Taylor Banking Company of Berlin, Maryland (Bank). The Bank, which commenced
operation in 1890, is a commercial bank incorporated under the laws of the State
of Maryland on December 17, 1907, with a main office located in Berlin,
Maryland.
Location and Service Area
The Company, through the Bank, is engaged in a general commercial and retail
banking business serving individuals, small- to medium-sized businesses,
professional organizations, and governmental units. The Bank operates nine
branches located throughout Worcester County, Maryland and one branch located in
Sussex County, Delaware. The Bank draws most of its customer deposits and
conducts most of its lending transactions within the communities in which these
branches are located.
Much of the Bank’s service area is located along the shores of the Atlantic
Ocean and has grown as both a resort and a retirement community. The principal
components of the economy are tourism and agriculture. Berlin has a strong
component of health-care related businesses.

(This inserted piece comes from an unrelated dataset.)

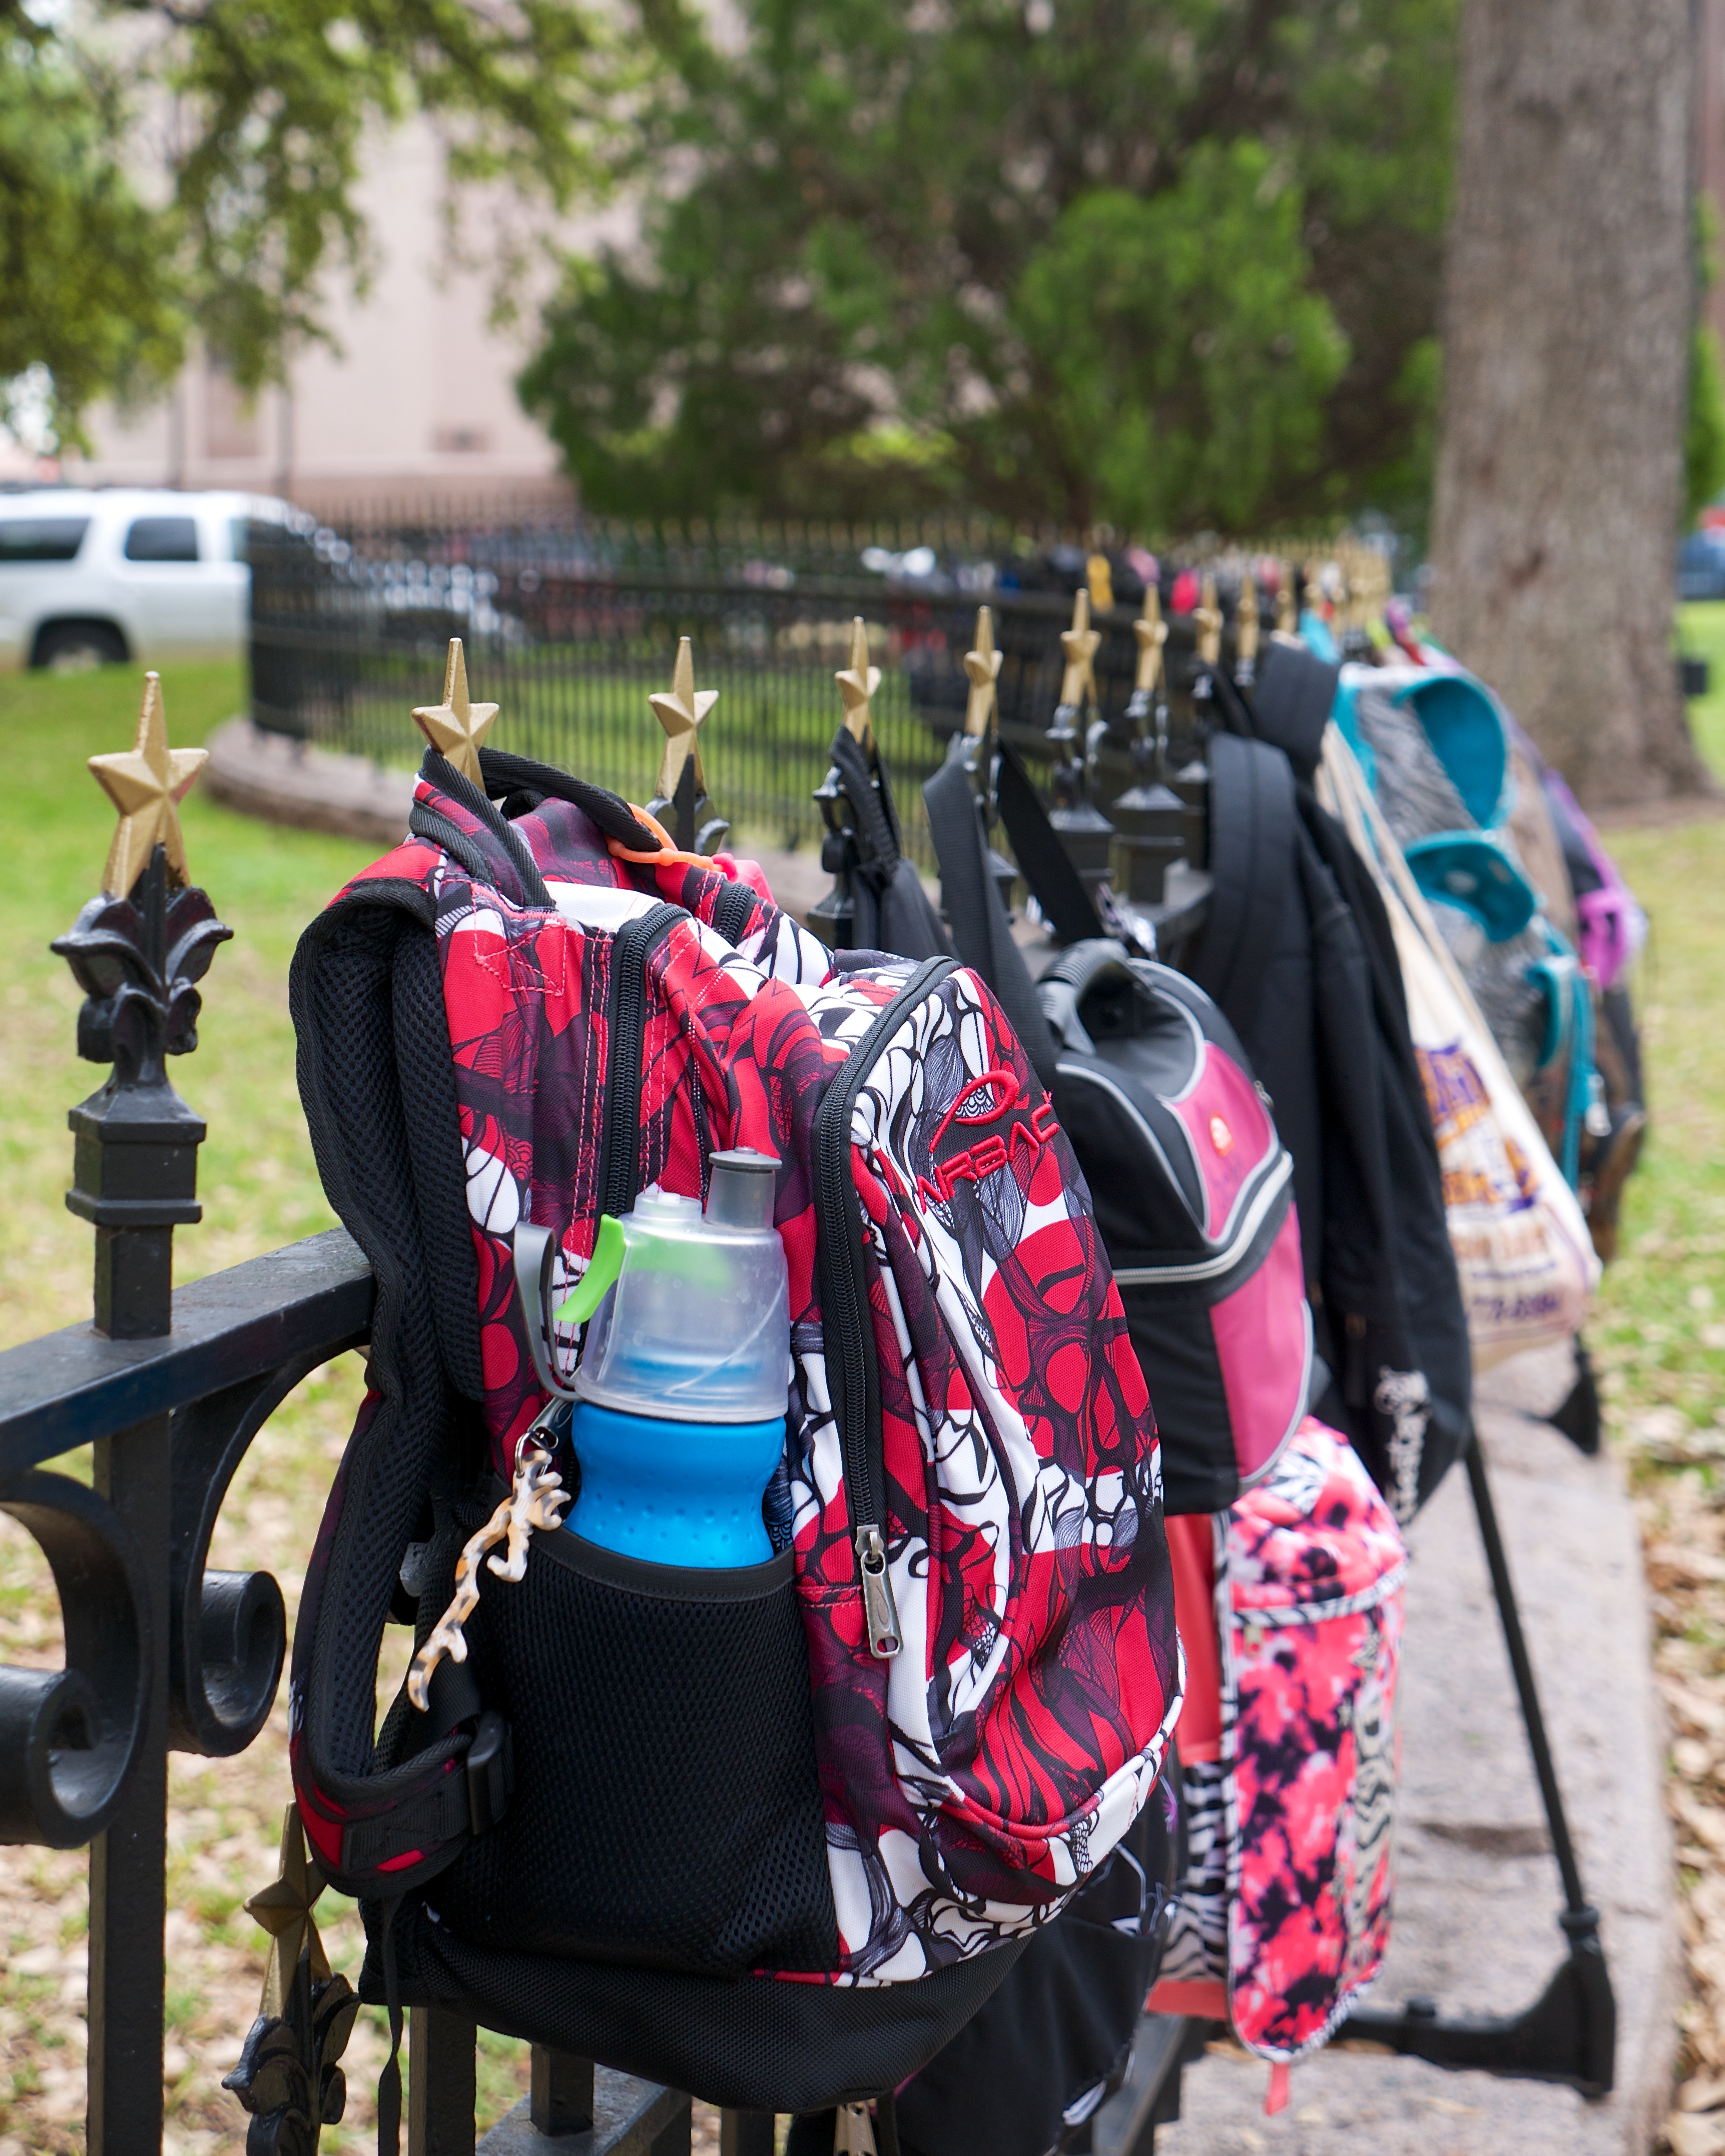 A range of schoolchildren's backpacks are hung on a wrought-iron fence

The tourist businesses of Ocean
City, Maryland and Bethany, Delaware and the health-care facilities in Berlin,
Maryland (including Berlin Nursing Home and Atlantic General Hospital) are among
the largest employers in the counties.
Banking Products and Services
The Bank offers a full range of deposit services including checking, NOW,
Money Market, and savings accounts, and time deposits including certificates of
deposit. The transaction, savings, and certificate of deposit accounts are
tailored to the Bank’s principal market areas at rates competitive to those
offered in the area. The Bank also offers Individual Retirement Accounts (IRA),
Health Savings Accounts, and Education Savings Accounts. All deposits are
insured by the Federal Deposit Insurance Corporation (FDIC) up to the maximum
amount allowed by law. The Bank solicits these accounts from individuals,
businesses, associations and organizations, and governmental authorities. The
Bank offers individual customers up to $50 million in FDIC insured deposits
through the Certificate of Deposit Account Registry Services®
(CDARS).
The Bank also offers a full range of short- to medium-term commercial and
personal loans. Commercial loans include both secured and unsecured loans for
working capital (including inventory and receivables), business expansion
(including acquisition of real estate and improvements), and purchase of
equipment and machinery. Consumer loans include secured and unsecured loans for
financing automobiles, home improvements, education, and personal investments.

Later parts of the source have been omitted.